Instructions for the task =>
Repeat the data exactly as given below, dropping every picture.

Collected material =>
□ □ □ □ □ □ □

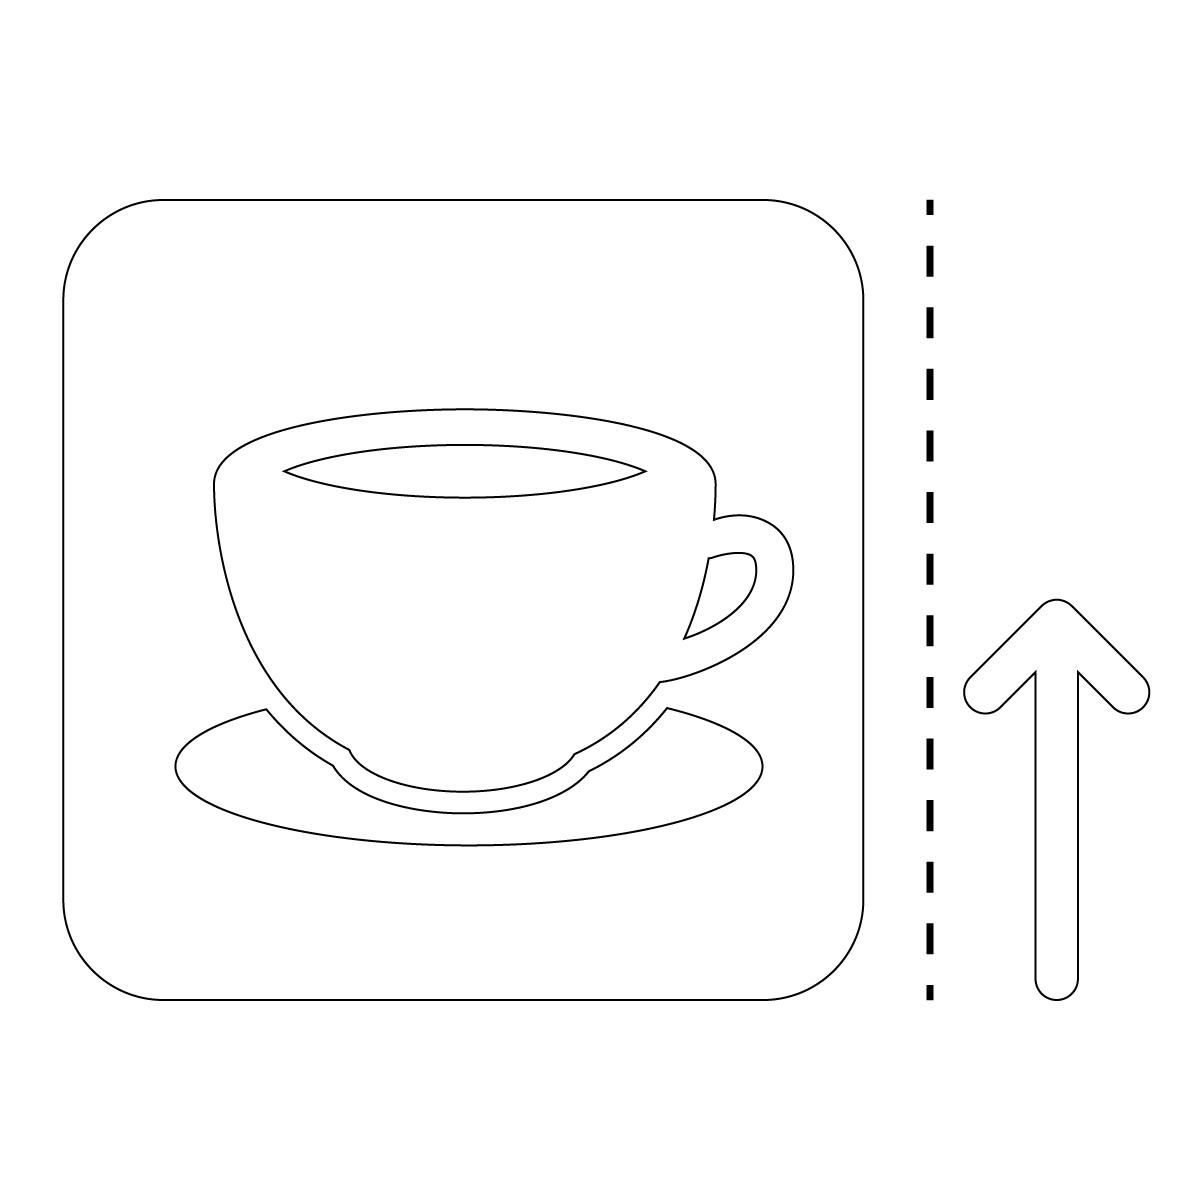 白色のコーヒー カフェ 喫茶店 案内 マーク(矢印付き)のカッティング ステッカー シール 光沢タイプ・防水・耐水・屋外耐候3~4年
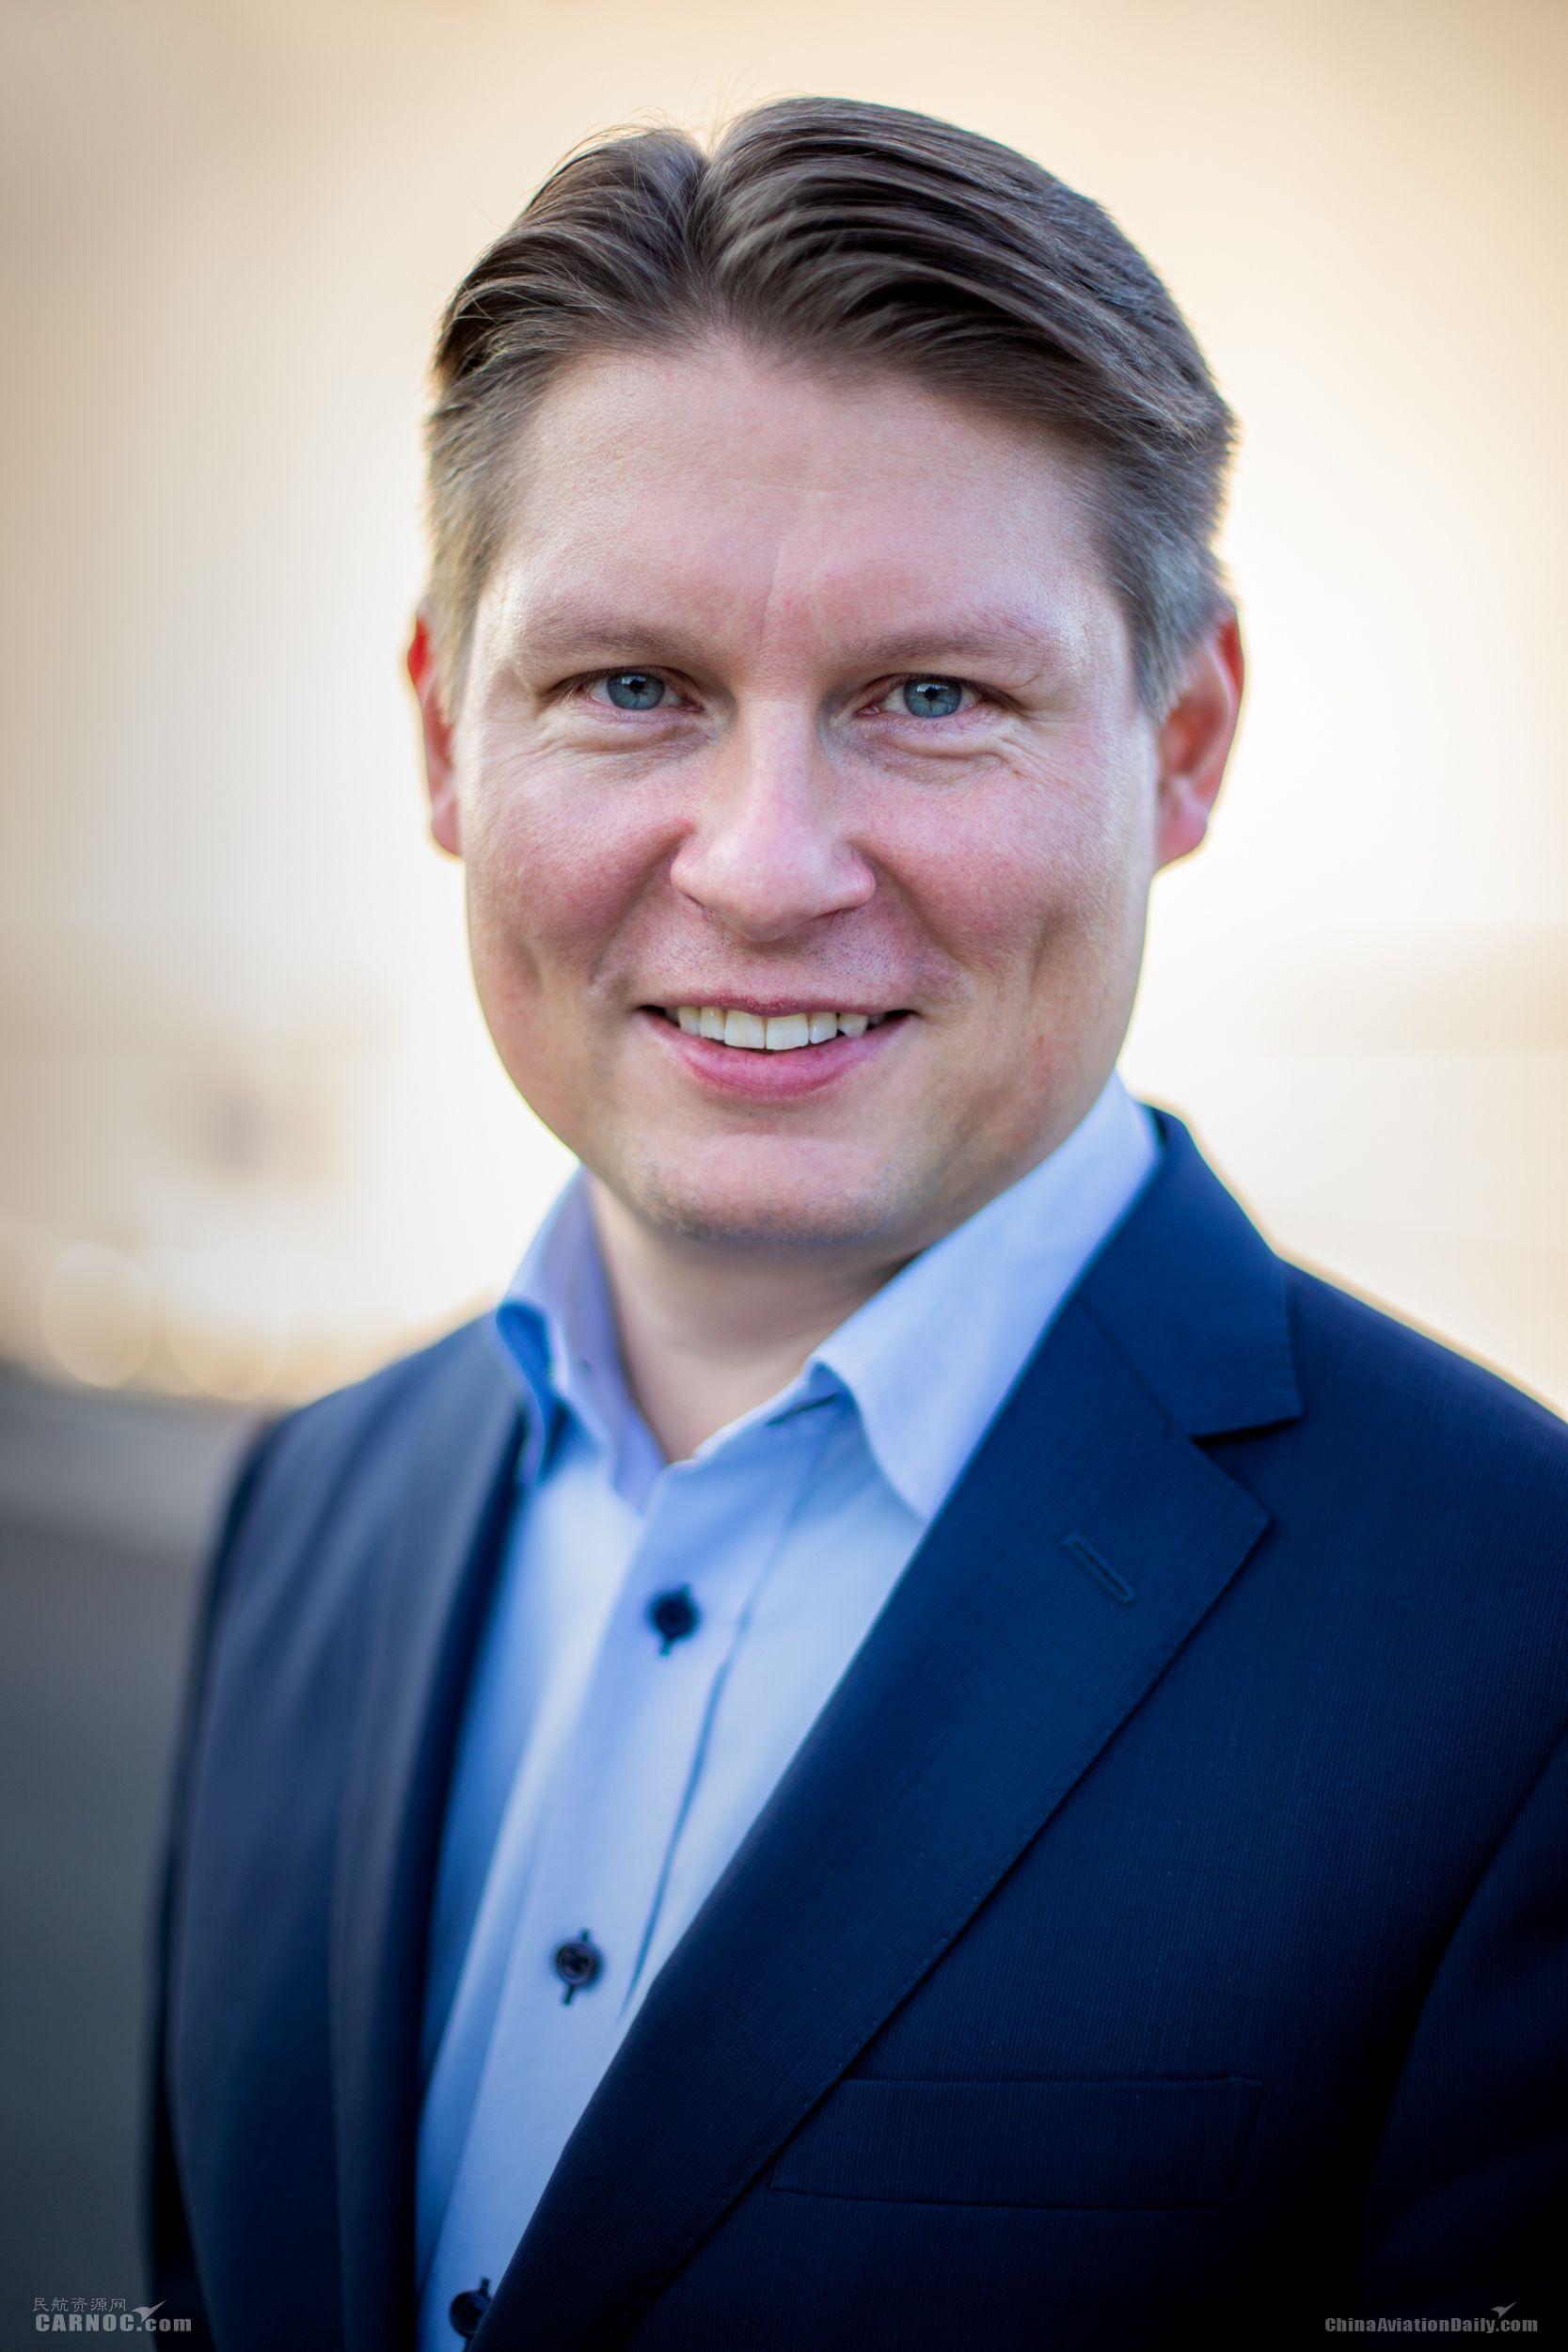 芬兰航空任命Topi Manner为新任首席执行官
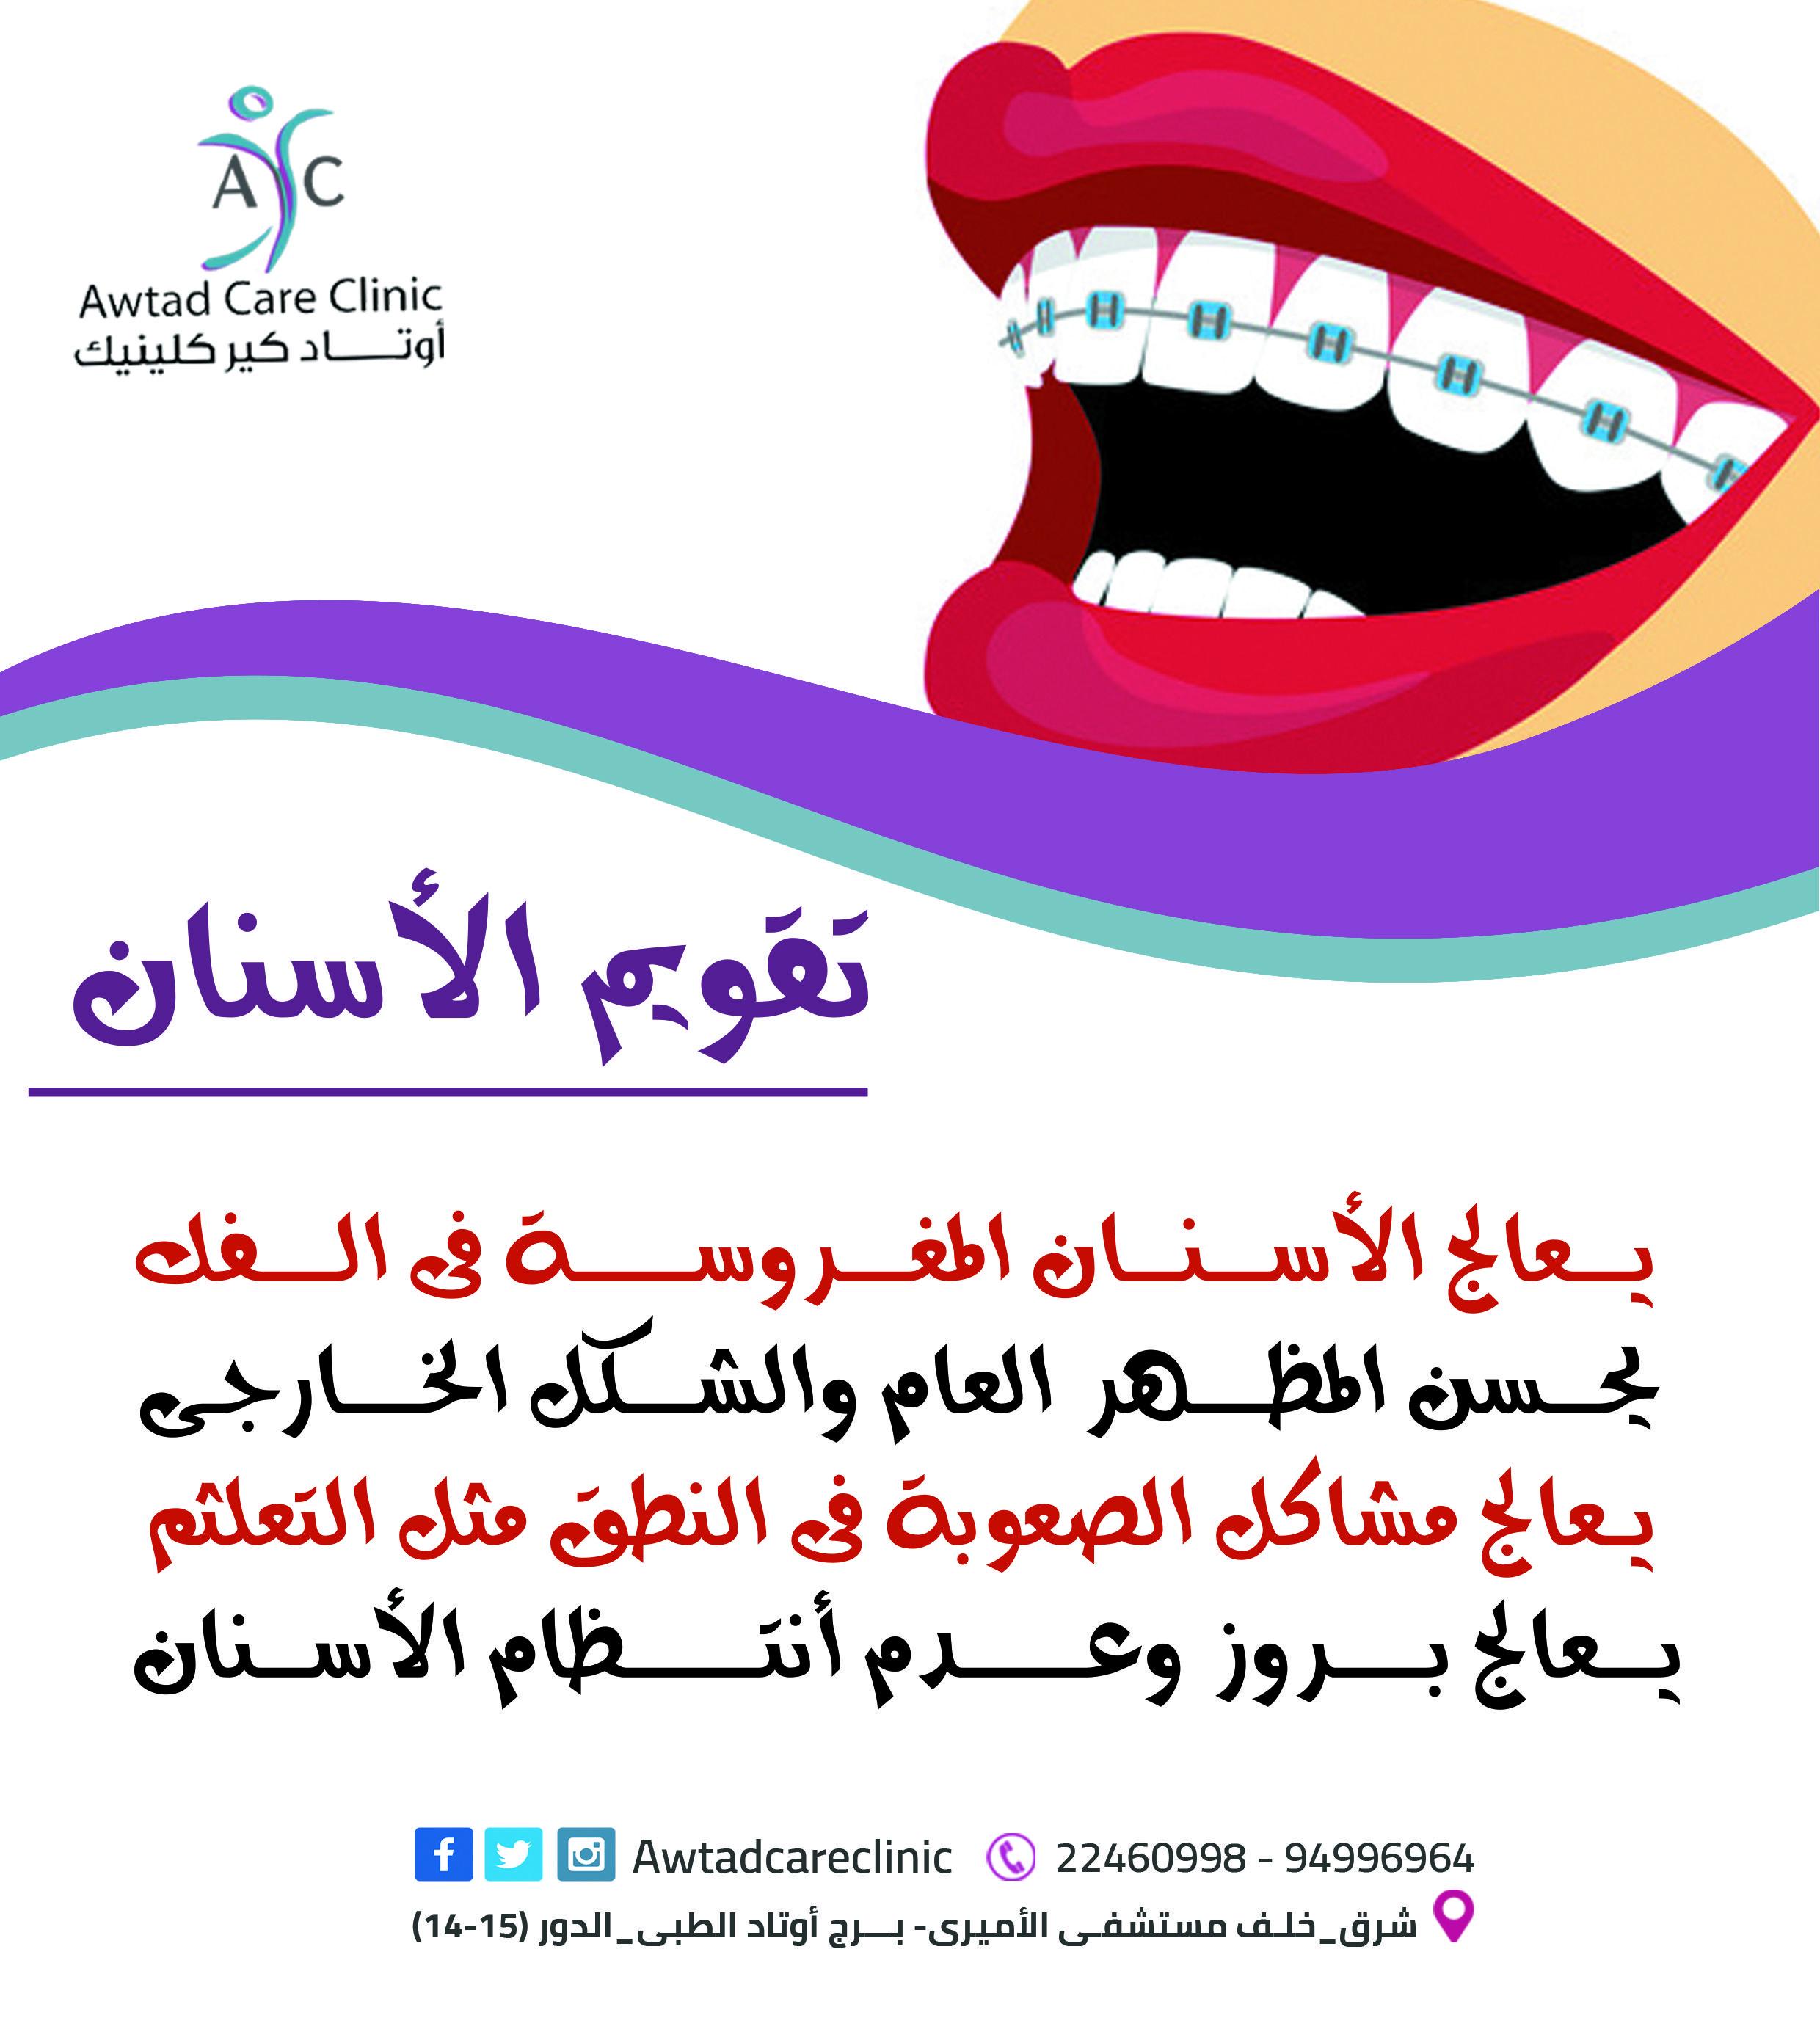 صور عن الاسنان

□ □ □ □ □ □ □

Exercise result =>
 白色のコーヒー カフェ 喫茶店 案内 マーク(矢印付き)のカッティング ステッカー シール 光沢タイプ・防水・耐水・屋外耐候3~4年
 芬兰航空任命Topi Manner为新任首席执行官
 صور عن الاسنان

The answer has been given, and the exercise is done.